The U.S. Securities and Exchange Commission (SEC) has approved the Hashdex Nasdaq Crypto Index US ETF (NASDAQ: NCIQ). Investors are asking what comes next: could this pave the way for products like an HBAR ETF or even broader institutional funds such as a possible HBAR ETF Vanguard? While speculation is growing, the current approval directly benefits XRP, Solana, and Stellar alongside its existing exposure to Bitcoin (BTC) and Ethereum (ETH).
The decision marks one of the first approvals under the SEC’s newly adopted generic listing standards for crypto ETFs. It is designed to accelerate the approval process and open the door for a wider range of digital asset products.
Updated Structure to Meet New Rules
Hashdex confirmed the changes last week, filing a “Third Amended and Restated Trust Agreement” with CSC Delaware Trust Company. The filing replaced a prior version of the trust arrangement, ensuring that the ETF complies with Nasdaq’s listing requirements. While the ETF remains structured as an “emerging growth company” in Delaware, no additional financial disclosures were attached to the amendment.
A Wave of Filings on the Horizon
The SEC’s rule change is already reshaping the ETF world. Instead of months-long individual reviews that often stretch up to 270 days, qualified ETFs can now complete the process in as little as 75 days.
Industry lawyers and fund managers expect a surge of product launches in the coming quarter. Over with a dozen new applications in progress.

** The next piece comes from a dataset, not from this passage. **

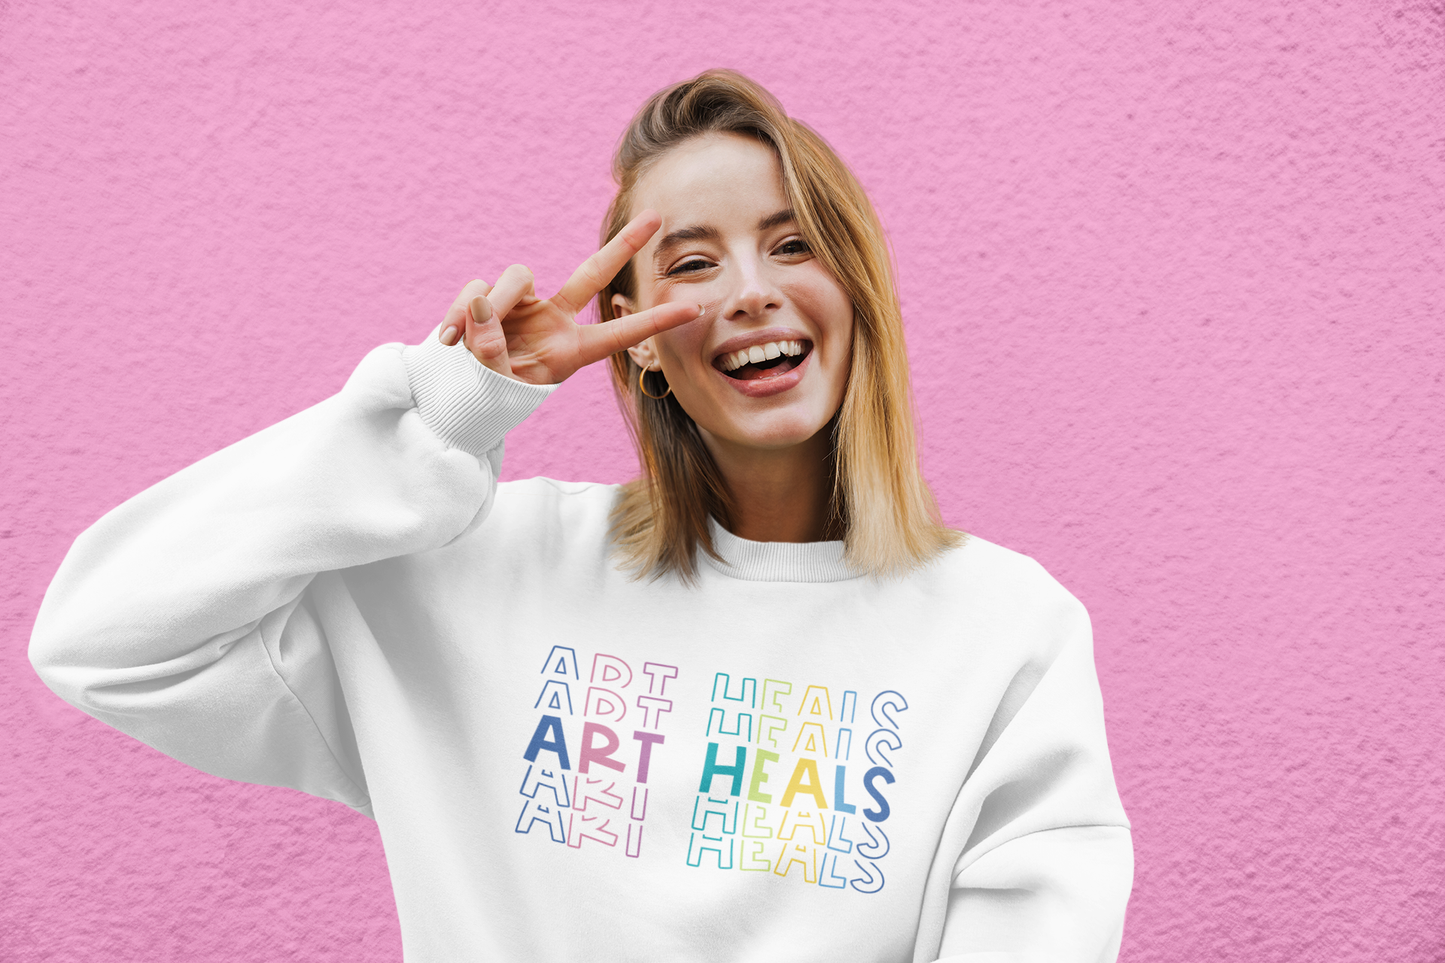 Art Heals Sweatshirt

Market watchers are already tracking queries like ‘Is HBAR getting an ETF?’ or ‘Is BlackRock filing an HBAR ETF?’ as the next wave of products could expand beyond current assets.” Many of these focus on multi-asset structures that include major altcoins such as XRP and SOL. This reflects a growing institutional interest beyond Bitcoin and Ethereum.
Why the Fast-Track Rules Matter
To qualify for the accelerated path, ETFs must meet at least one of three conditions:
- The underlying crypto must be traded on a regulated exchange or have CFTC-regulated futures contracts active for at least six months.
- Another ETF must already hold the coin with at least 40% of assets directly invested.
- The structure must otherwise meet the SEC’s updated listing criteria.
This framework eliminates layers of bureaucracy. It provides asset managers with greater clarity and speed in bringing products to market. Analysts expect October to be a “boom period” for crypto ETFs. Several multi-asset funds are anticipated to debut.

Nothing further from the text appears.